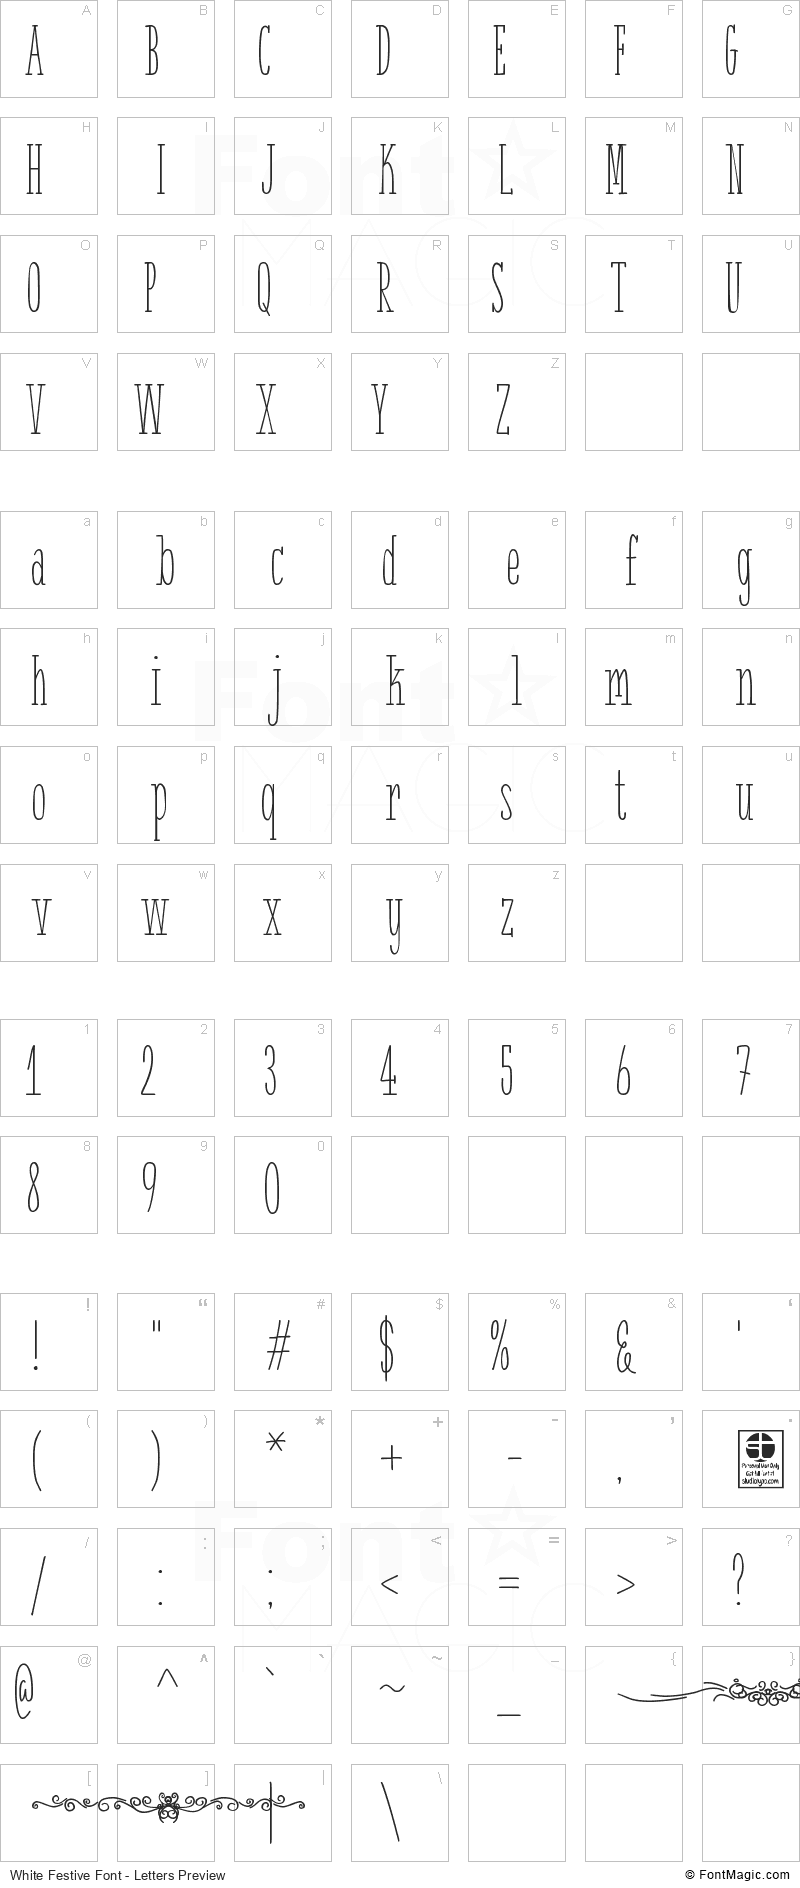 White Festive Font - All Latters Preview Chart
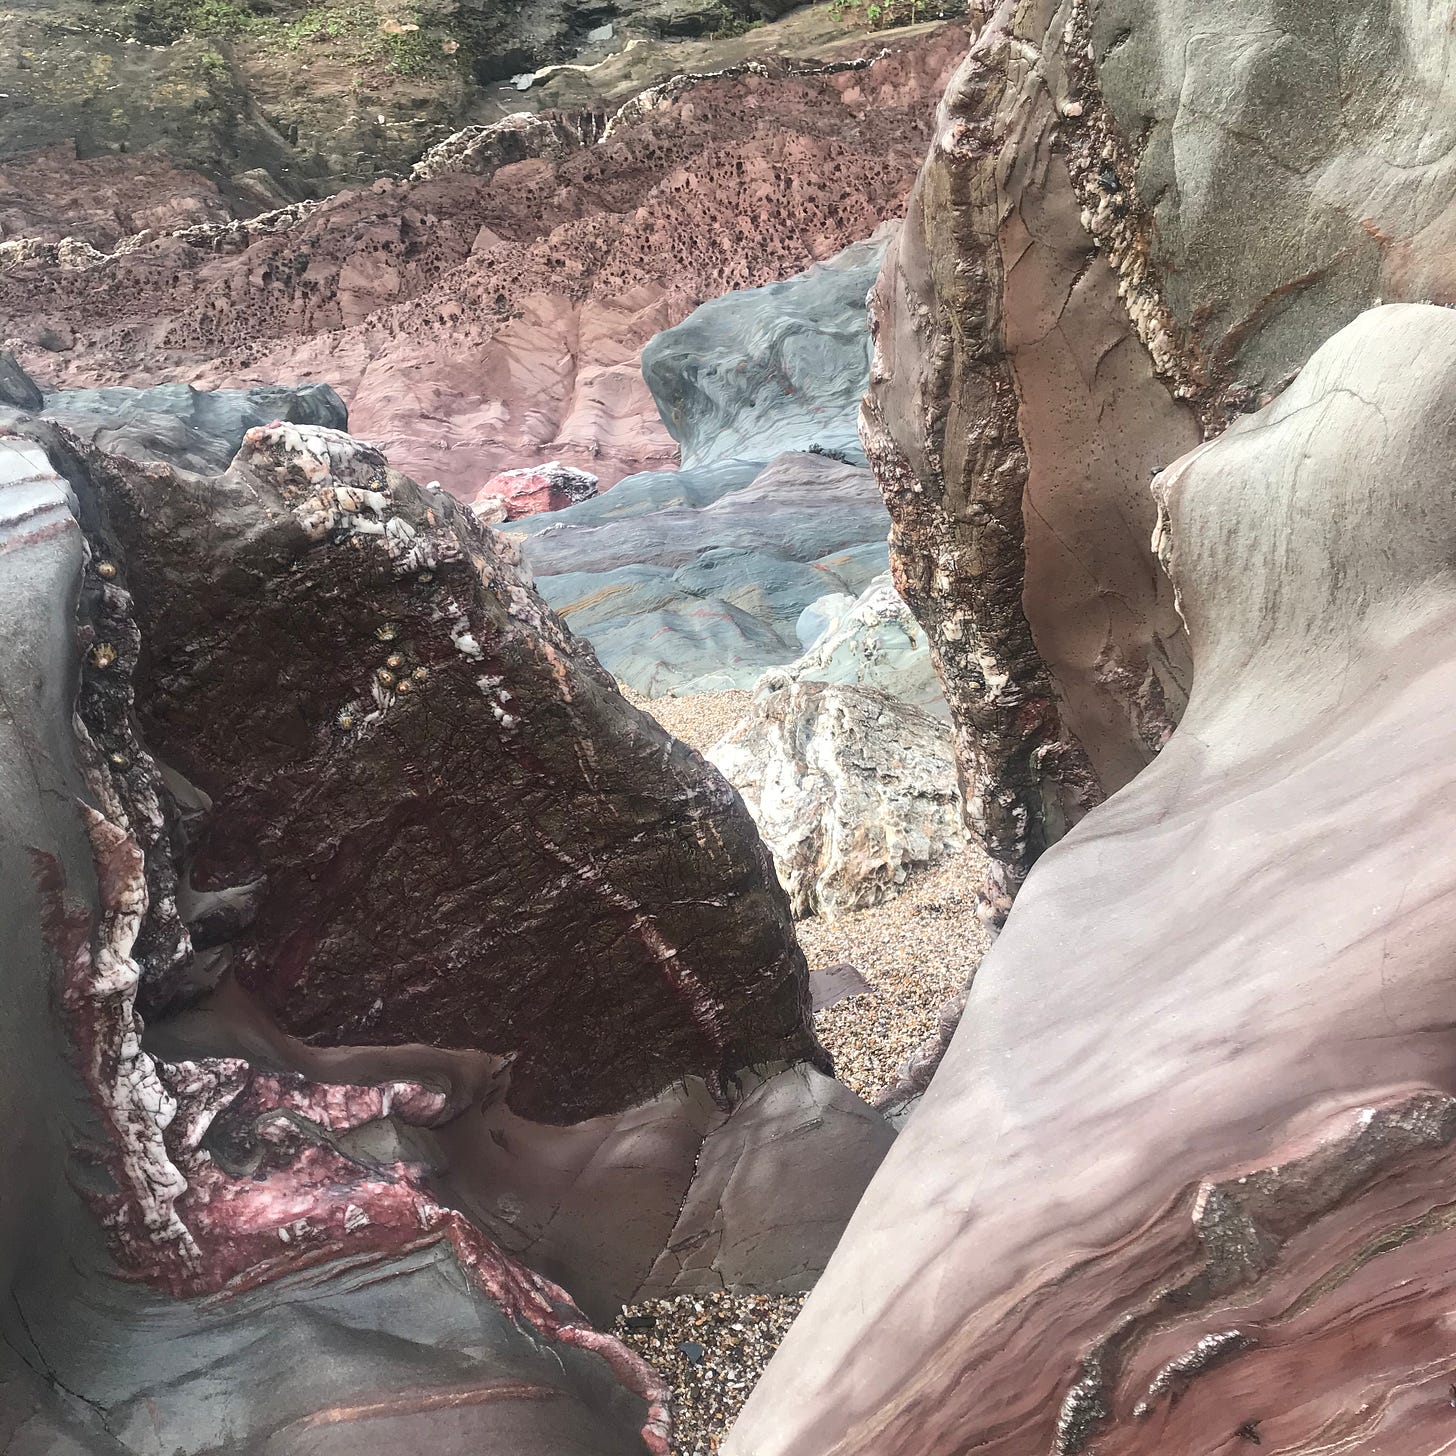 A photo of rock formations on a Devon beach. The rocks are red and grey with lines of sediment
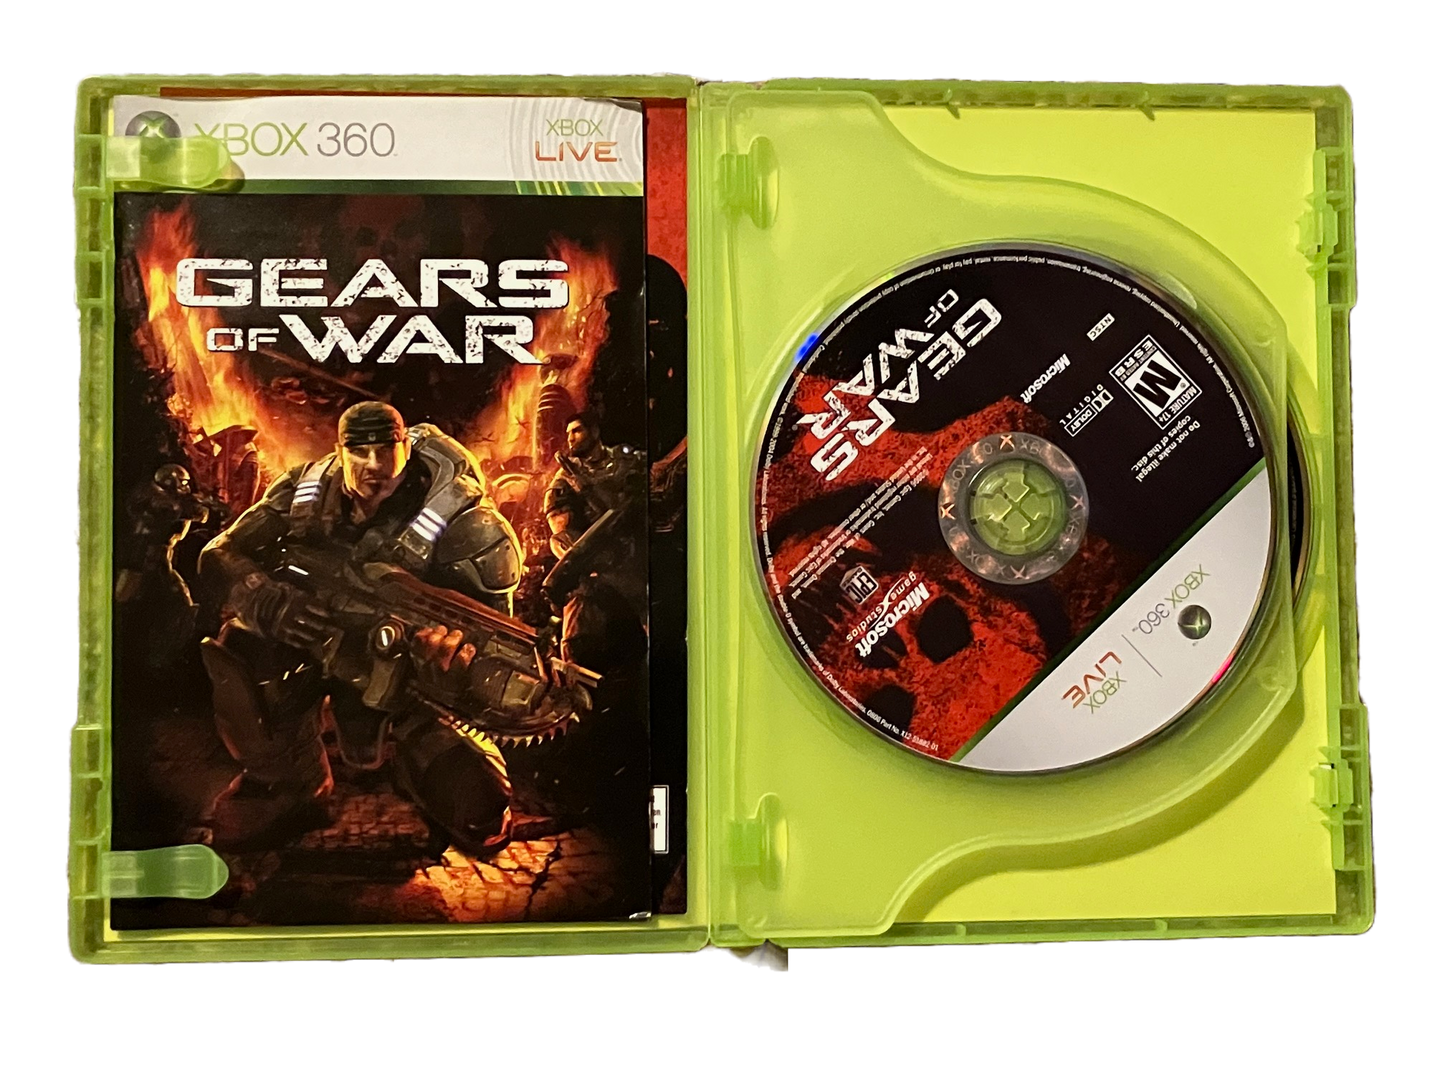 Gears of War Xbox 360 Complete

- [Requirement]: Restate the material above exactly. Exclude all pictures.

- [Reply]:
 White Festive Font - All Latters Preview Chart
 A photo of rock formations on a Devon beach. The rocks are red and grey with lines of sediment
 Gears of War Xbox 360 Complete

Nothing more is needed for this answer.